The USDA offers a loan program that allows people to borrow money to buy a house in a rural area. There are some income limits, but in general, the program is available to low- and moderate-income households. The loan terms are typically 30 years, but may be shorter depending on the borrower’s ability to repay.

  • 3 First-Time Home Buyer Assistance Programs

    • HUD (Housing and Urban Development) offers programs making homeownership affordable. One such program is the HUD Good Neighbor Next Door program, which offers discounts of 50% on the purchase price of homes to certain public servants, such as teachers, firefighters, and law enforcement officers. Another program offered by the HUD is the Housing Choice Voucher program, which helps low-income families afford safe and decent housing.
    • Freddie Mac is a government-sponsored enterprise that provides liquidity for the mortgage market. It does this by buying mortgages from lenders and then either holding them in its portfolio or packaging them into mortgage-backed securities and selling them to investors. Freddie Mac also provides credit enhancement for these securities, which reduces the risk for investors and makes them more attractive.
    • Fanny Mae’s government HomePath Ready program is a program that helps middle to low income people buy homes. The program provides educational information on how to buy a home, how to get a loan, and also provides 3% down payment assistance and closing cost assistance up to 3%.

10. Buying More House Than You Can Really Afford

You went to the bank and they said they would lend you a shocking amount of money. If your first reaction was “how will I pay it back” then follow your gut.

There are first time home buyers that will take everything the bank will lend them and be house poor just for the prestige of living richer than they are. 

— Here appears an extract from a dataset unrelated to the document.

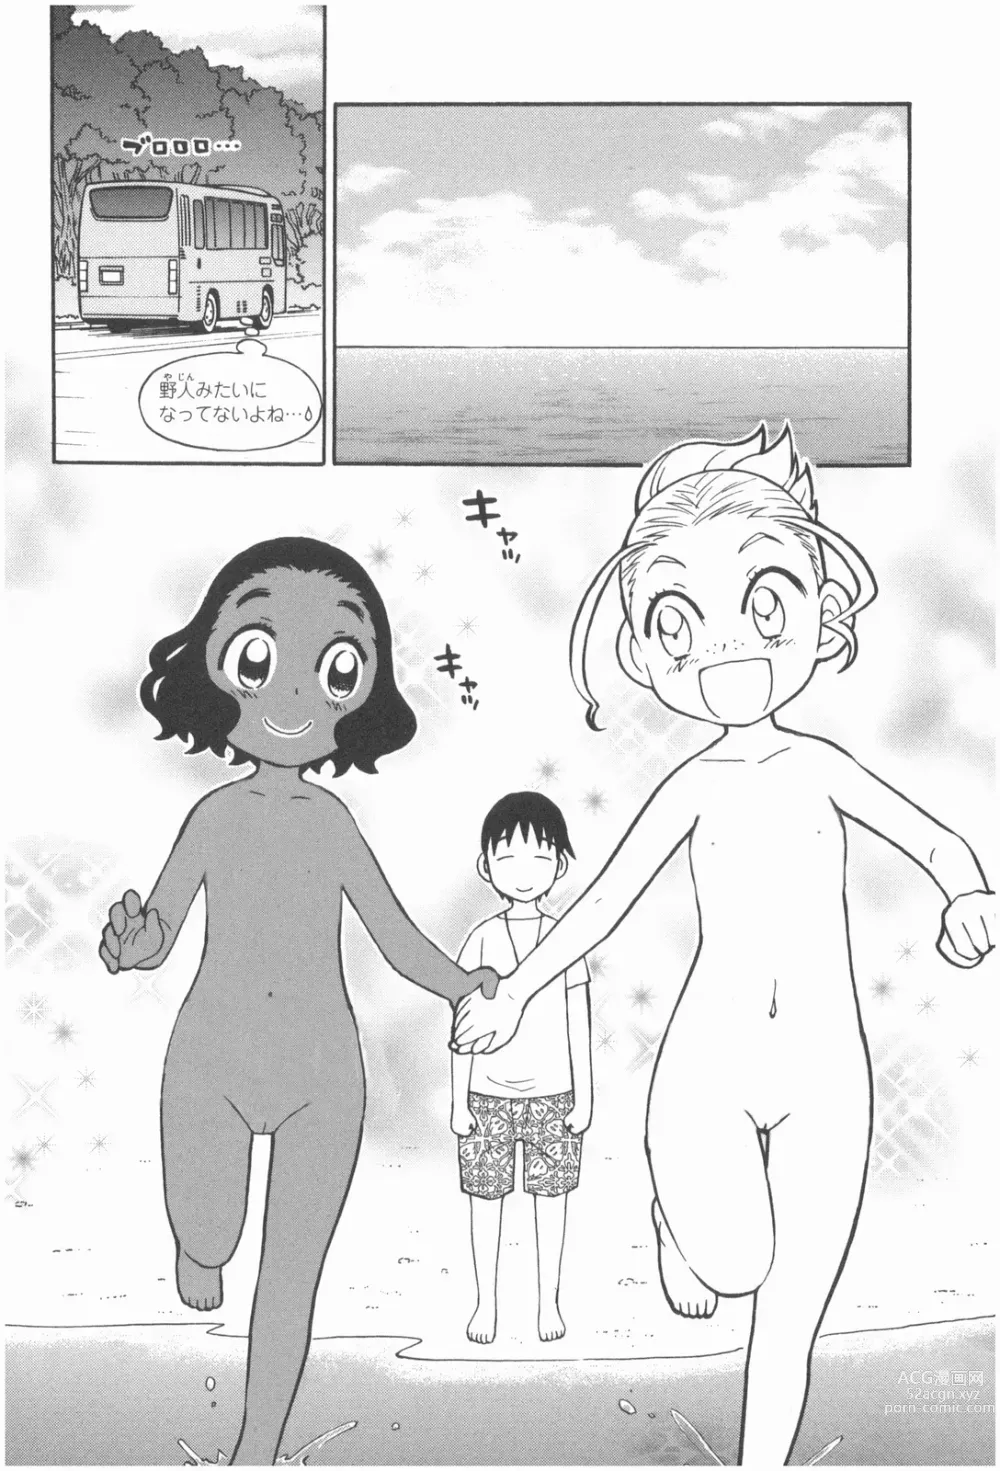 Page 4 of doujinshi Terao the Next Generation Machine

The wiser choice is to buy the worst house in the best neighborhood. With some cosmetic work over time you can sell it for a profit and move up to a bigger house without breaking the bank.

11. Keeping Enough Money Aside For Closing Costs, Moving Expenses and Emergencies etc.

You need to do this!

Closing costs can be around 2-5% of the purchase price of the house, so you need to make sure you have enough money to cover this.

Moving expenses can also add up, so it is important to have a budget for this as well. Call and get some quotes so you know what that’s going to cost.

Lastly, you need to have some money set aside for emergencies, as you never know what might happen when you move into a house.

12. Not Getting A Home Inspection

Of all the things you can do to protect yourself this is #1 on the list. You would only skip a home inspection if you are buying an old house to tear down. 

Hiring a professional home inspector is the best way to protect yourself when buying a home. 

They are trained to spot potential problems and will take pictures in hard to get at areas that could be cause for concern to check for things like mold and rot. 

If there are any issues with the home after you purchase it, you will have documentation from the home inspection to back up your claim when you go to court.

Final Thoughts

Do your research. 

There are a lot of things to consider when you are a first time home buyer, and things can sometimes go wrong. 

A good Realtor® can be worth their weight in gold, as they will deal with all appointments and paperwork, and can be critical if an issue arises.

A good mortgage broker will get you the best financing and keep you from making poor or rash decisions.

A good home inspector will protect your investment. A home is the most expensive thing you will ever buy. It would be heartbreaking if something went wrong after you moved in.